Instant Payment Notifications (IPNs) allow you to receive notifications whenever the state on an object changes (or something important happens to that object).
To set up IPNs for an object, set a callback_uri on that object. Whenever something important happens to the object that we think you should be notified of (typically a state change), we will make an HTTP POST request to your callback_uri with the object_id in the body of the request.
This URL is contacted when a payment goes through. This contacted domain doesn’t seem to be serving anything publicly and is registered at namesilo[.]com
. The resulting IP is 209.74.107.226
which is part of Rebel Hosting who seem to host many other .xyz
domains on their infrastructure.
Update 08-11-2022
No response and website is still compromised on publication day
The website still redirects to a web shop in similar style, but now under a different domain:
This domain has almost the same registrar information, it was only registered on a later date than the other domain.

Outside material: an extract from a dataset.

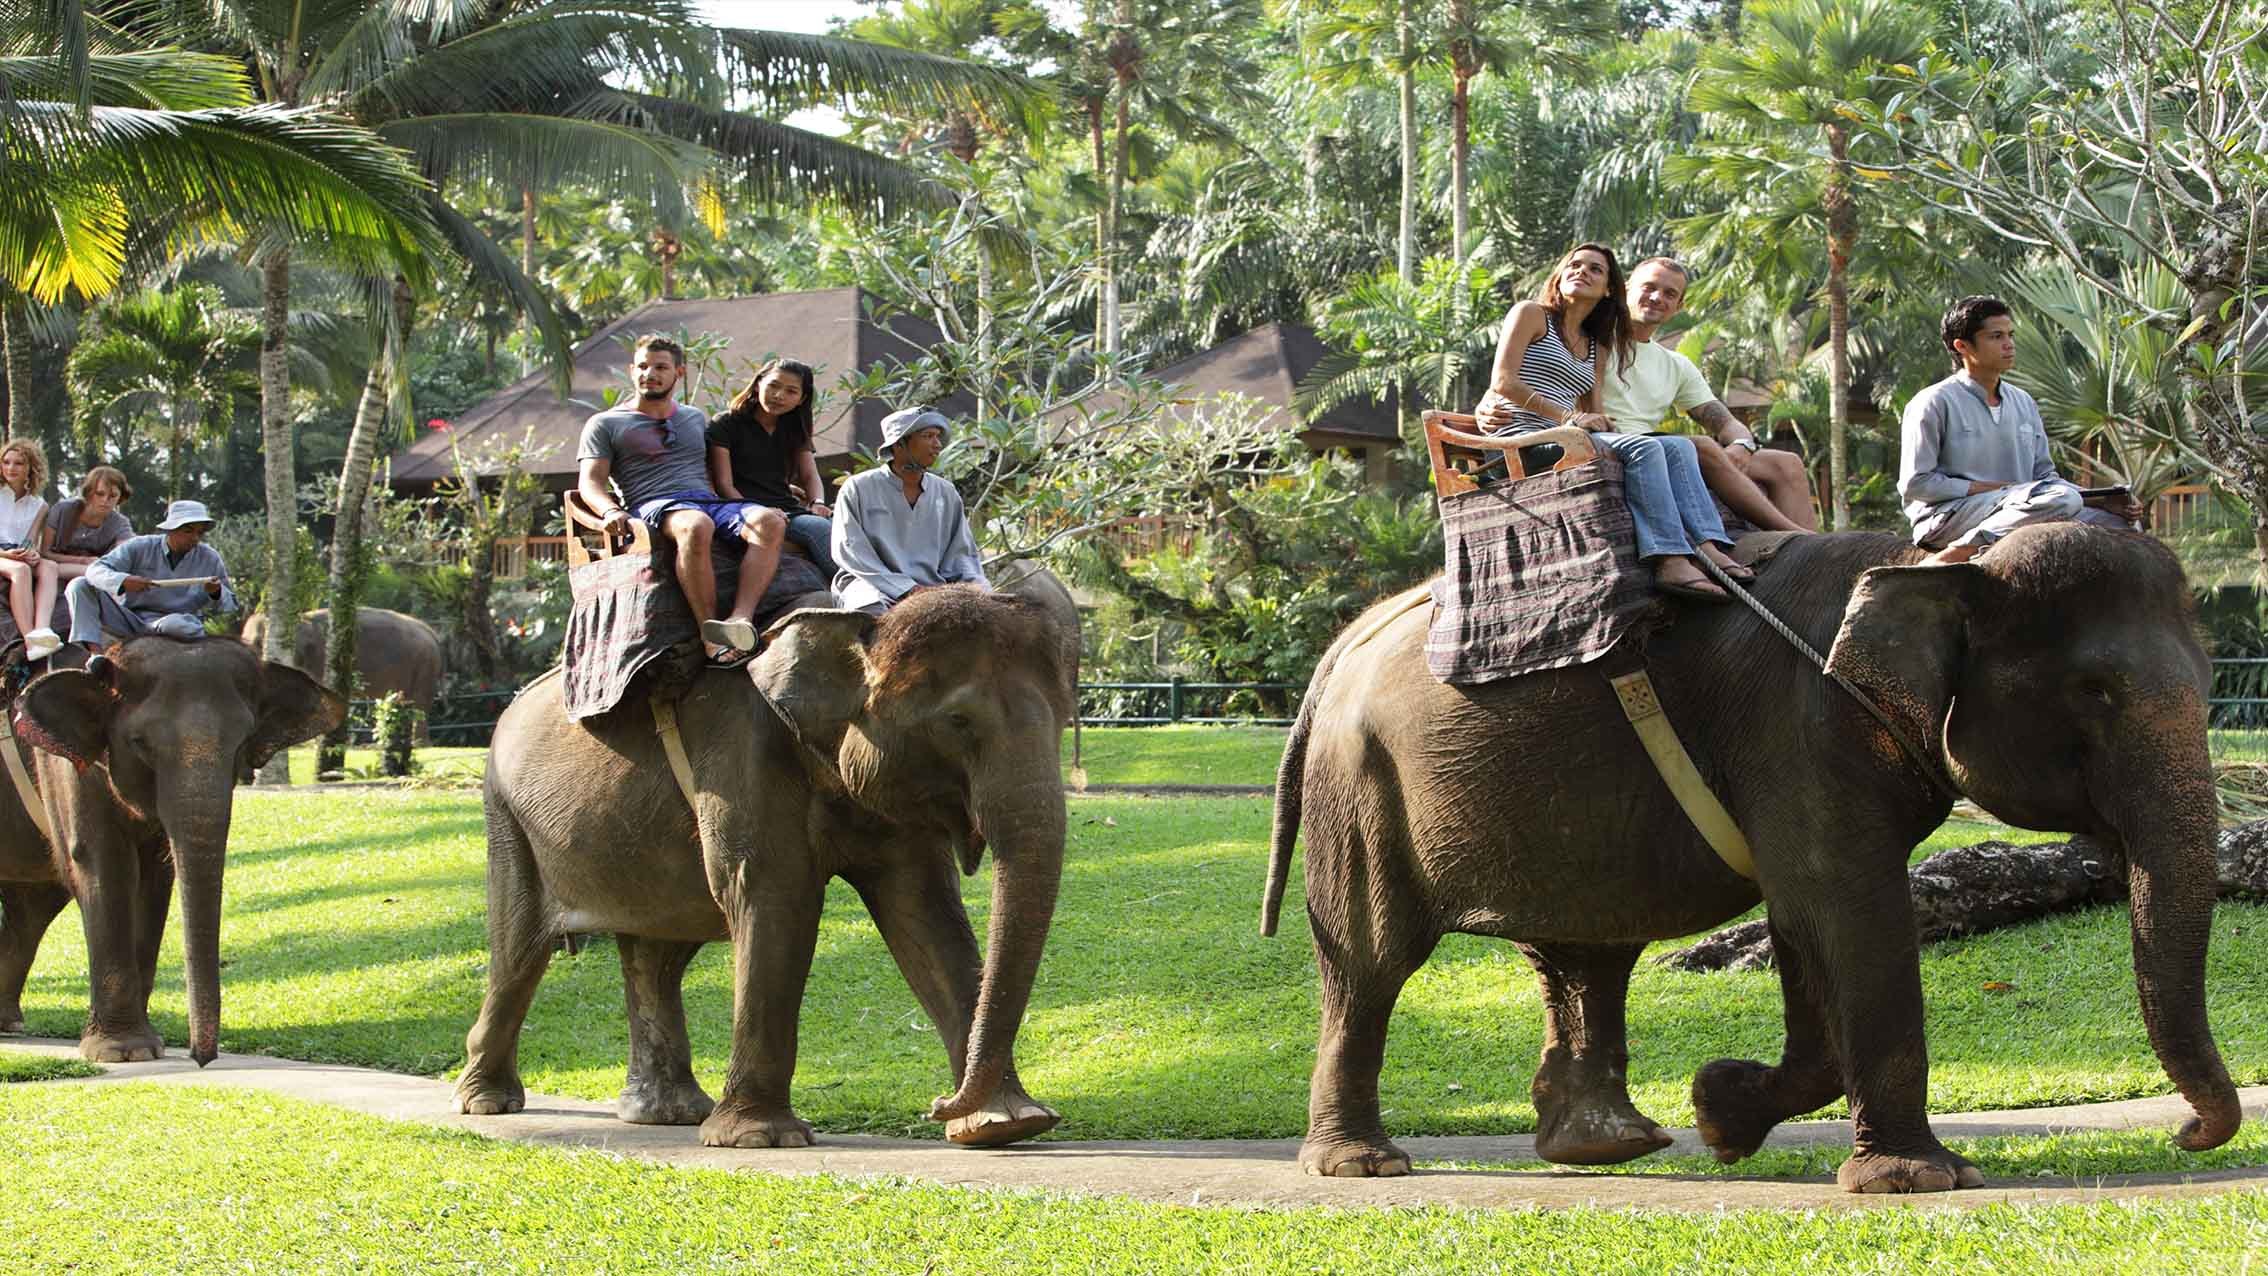 Elephant ride photo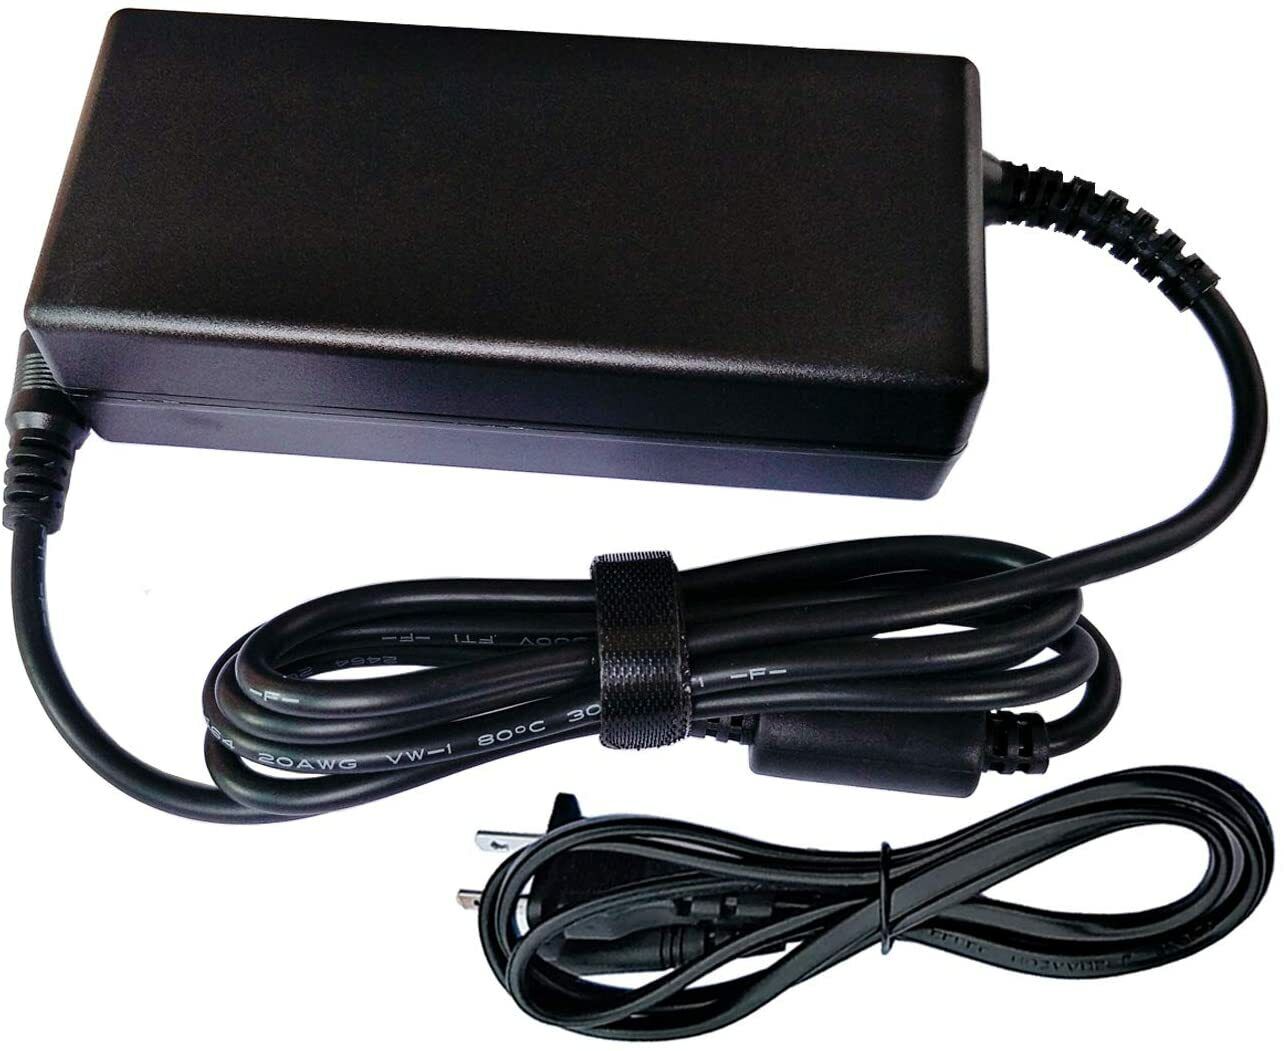 12V 4A DC Adapter for Buffalo LinkStation 220 LS220D0202 LS220D0402 LS220D0802

As the 90 days have been surpassed, this blogpost will be published today!
Update 02-01-2023
Happy new year!
The website still redirects to a web shop in similar style, but now under a different domain:
This domain has been registered at NameSilo with the registrar information replaced with PrivacyGuardian information.
What is PrivacyGuardian?
Purchasing domain names requires that certain data be made publicly available through a service called WHOIS. Furthermore, it is required that this information be kept up-to-date and accurate. Unfortunately, WHOIS has become a prime source for collecting personal information resulting in identity theft, SPAM and other unsolicited outreach.
We guard our customers by allowing their details to remain private while still complying with domain registration rules.
Closing remarks
I would again strongly recommend the webmaster to update WordPress, the affected plugins, and investigate why and how the site is redirecting users to a malicious domain.
Update 06-06-2023
The webmaster seems to have updated several plugins (not all) to fix the vulnerabilities they contained. It seems they also cleaned up the malicious code or plugin that caused the redirect because that isn’t working anymore.
I would still advice to keep the plugins and wordpress up to date more frequently.